(Beginning of Dataset section)

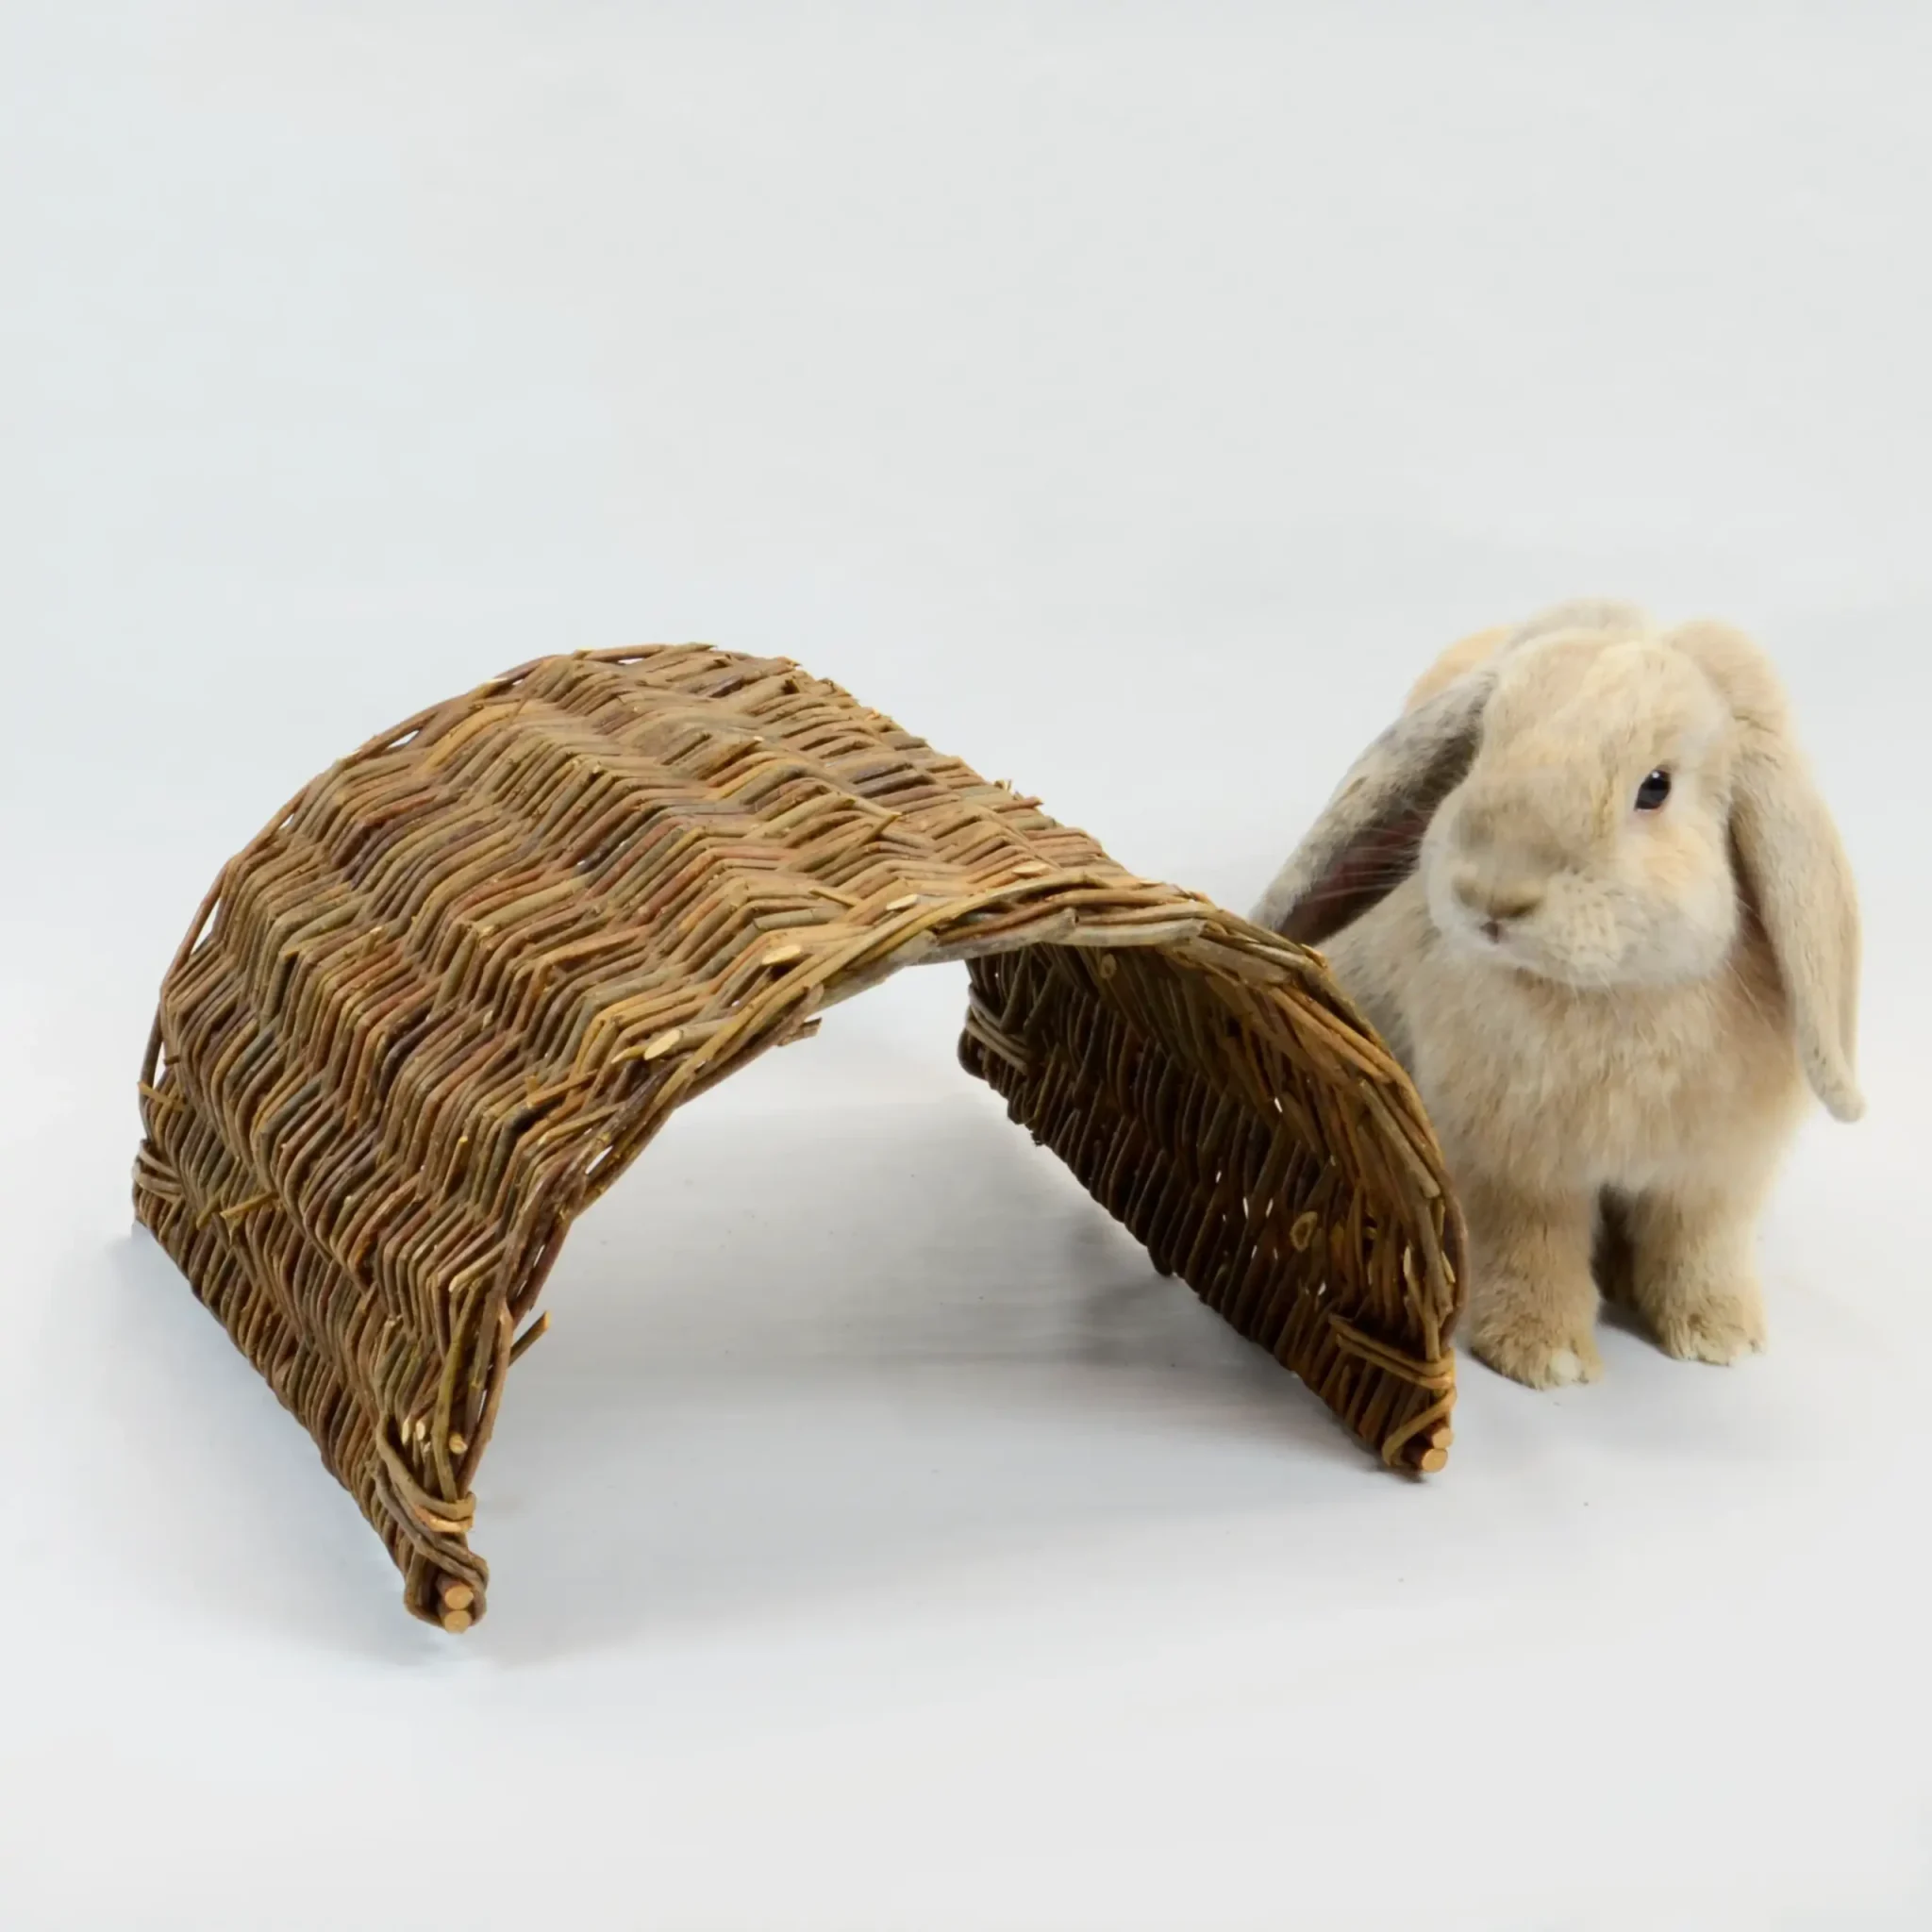 Koop online producten voor jouw konijn!
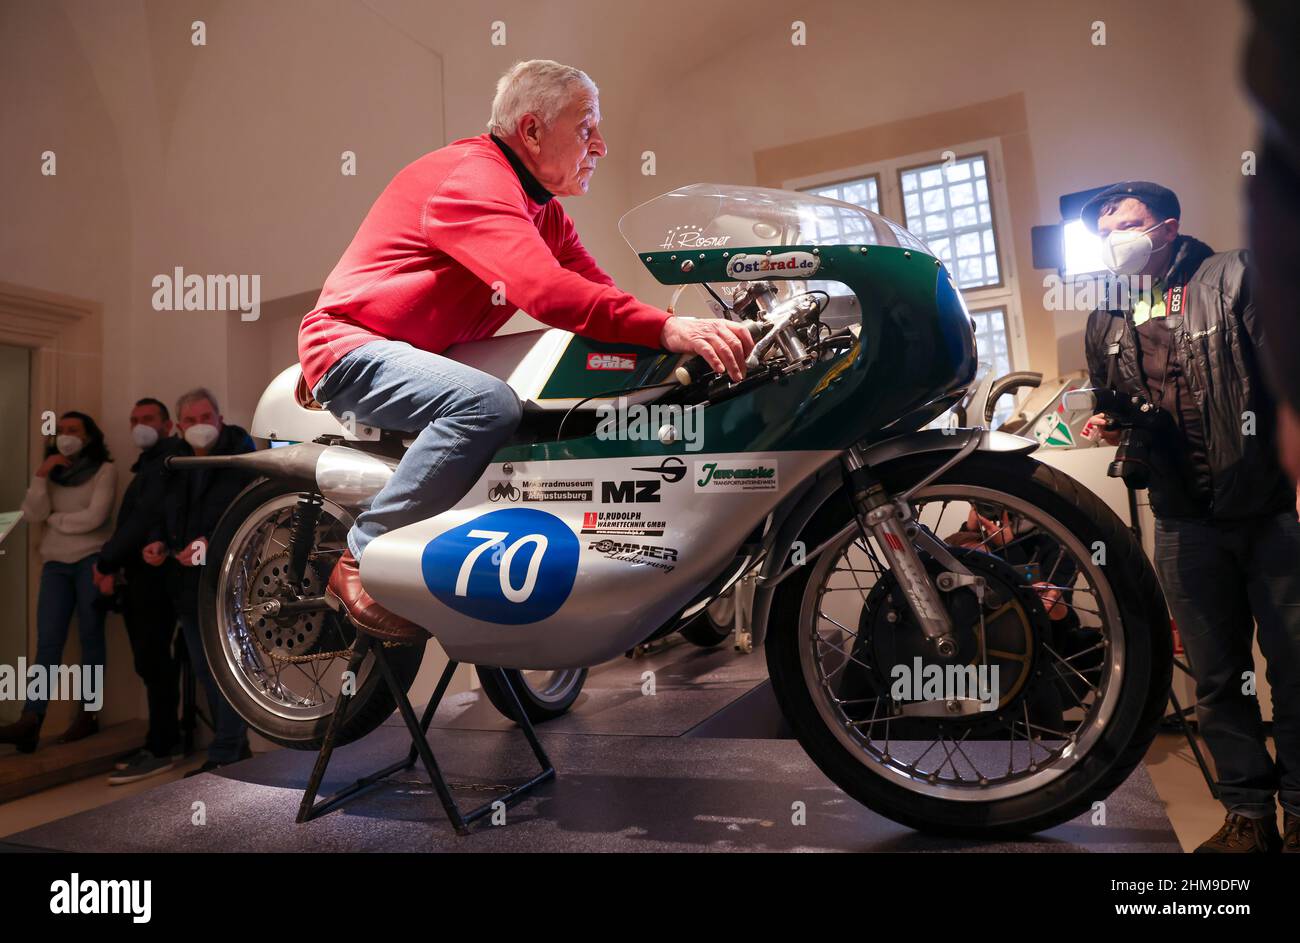 08 février 2022, Saxe, Augustusburg: Heinz Rosner, ancien coureur de moto  et pilote d'usine MZ, siège sur le MZ 300 il a roulé à la troisième place  dans le championnat du monde
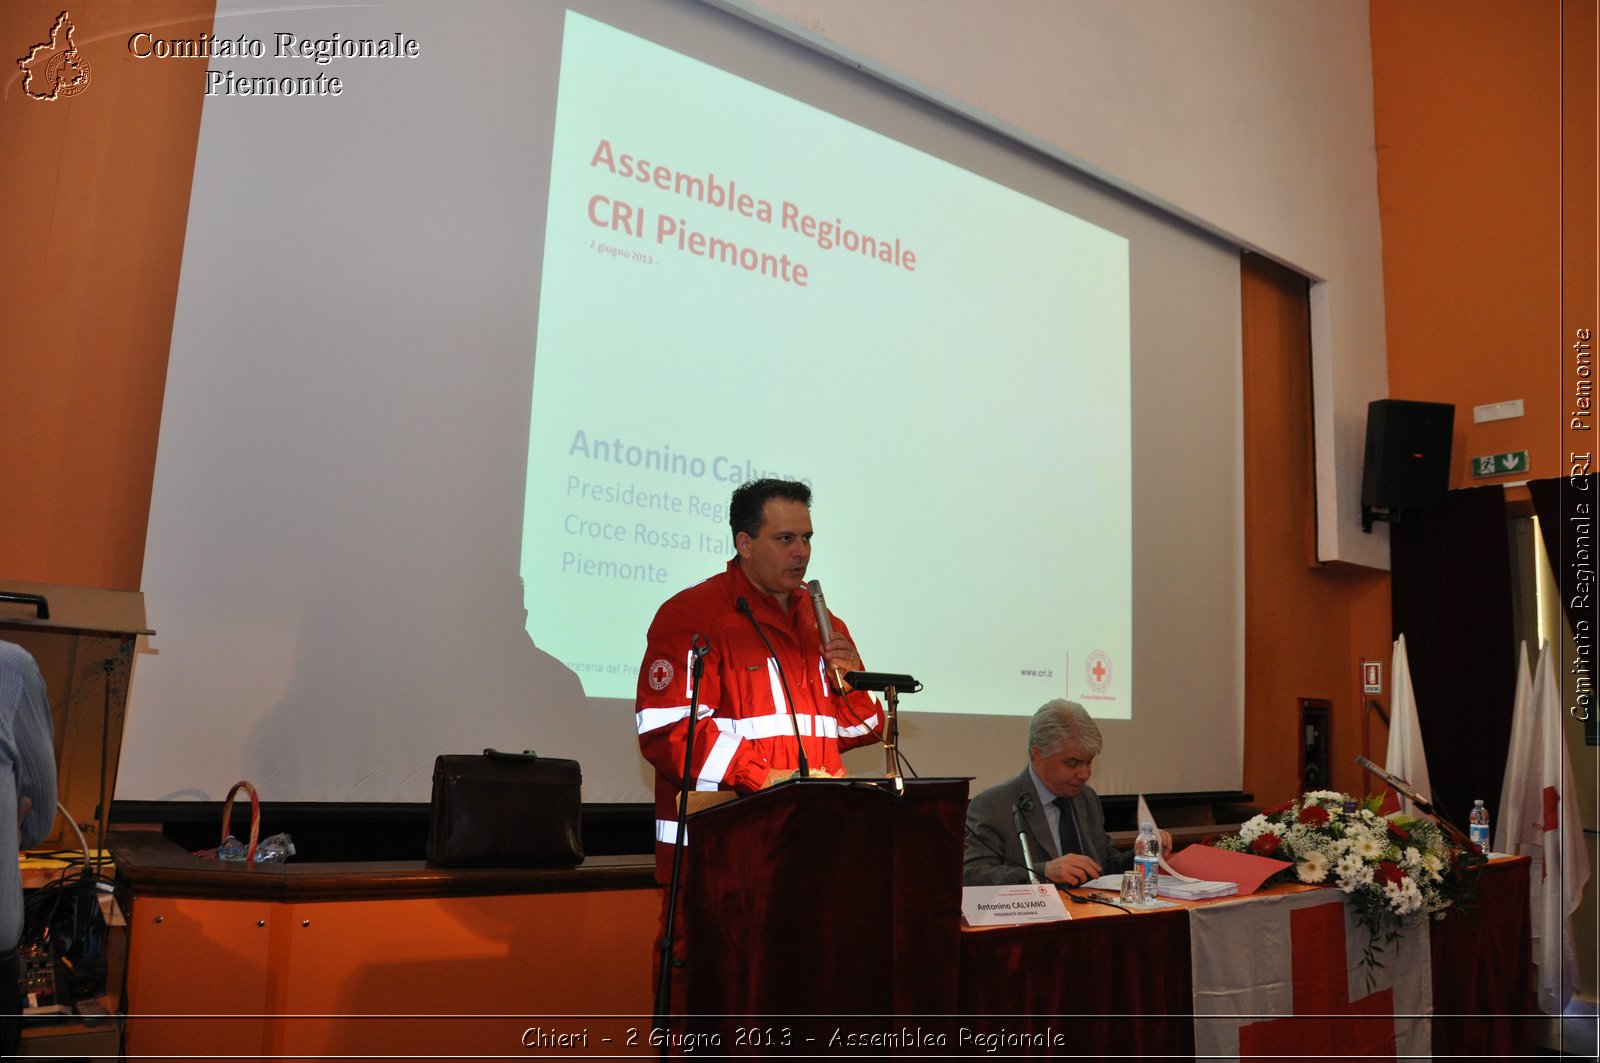 Chieri - 2 Giugno 2013 - Assemblea Regionale - Croce Rossa Italiana - Comitato Regionale del Piemonte
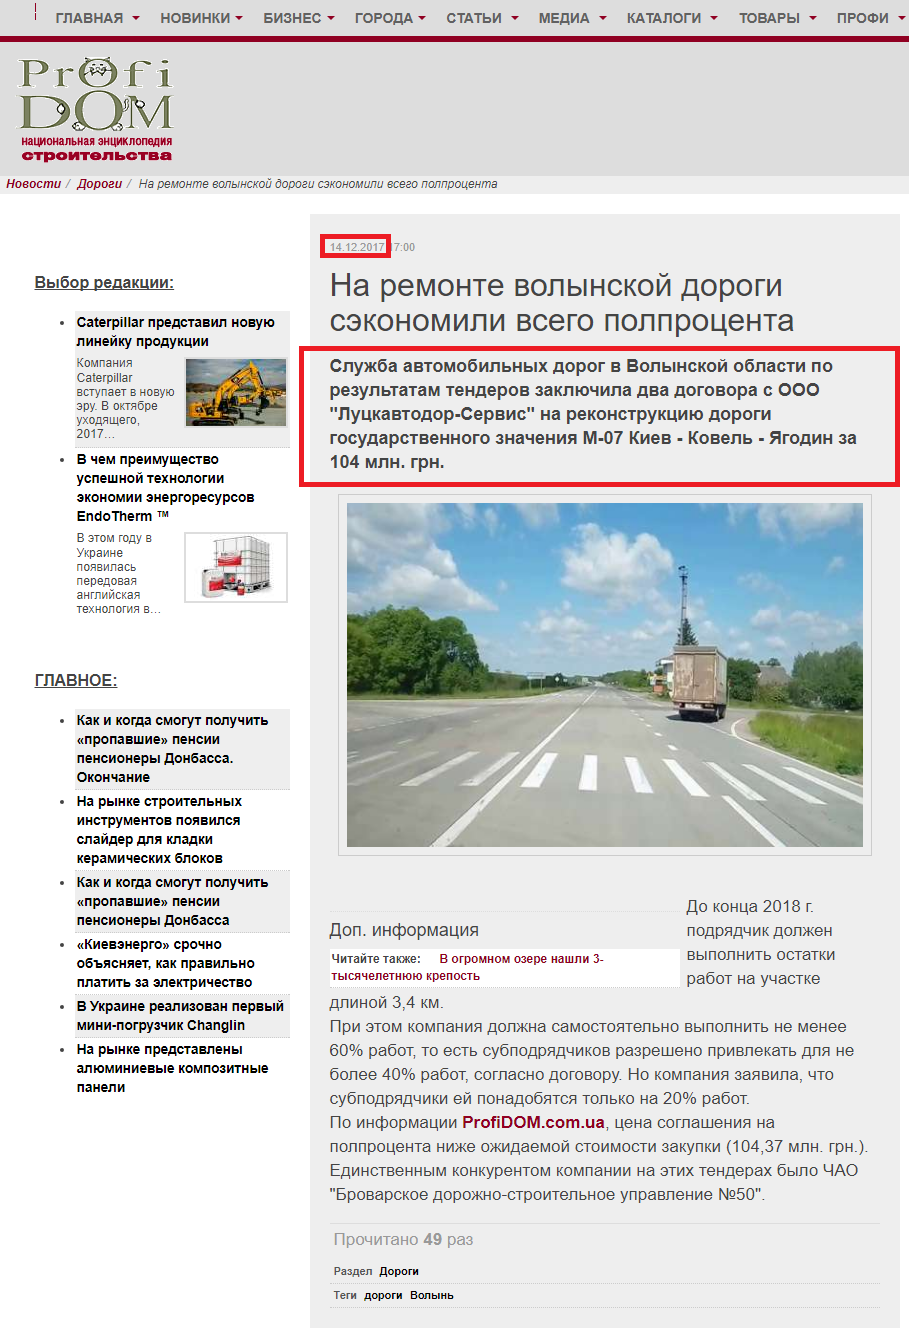 http://profidom.com.ua/novosti/dorogi/24964-na-remonte-volynskoj-dorogi-sekonomili-vsego-polprotsenta

(End of Dataset section)

> **Work to be completed**: Copy out nothing but text: transcribe the listing exactly and skip each picture.

> **Answer for this exercise**:
 Koop online producten voor jouw konijn!
 08 février 2022, Saxe, Augustusburg: Heinz Rosner, ancien coureur de moto  et pilote d'usine MZ, siège sur le MZ 300 il a roulé à la troisième place  dans le championnat du monde
 Chieri - 2 Giugno 2013 - Assemblea Regionale - Croce Rossa Italiana - Comitato Regionale del Piemonte
 http://profidom.com.ua/novosti/dorogi/24964-na-remonte-volynskoj-dorogi-sekonomili-vsego-polprotsenta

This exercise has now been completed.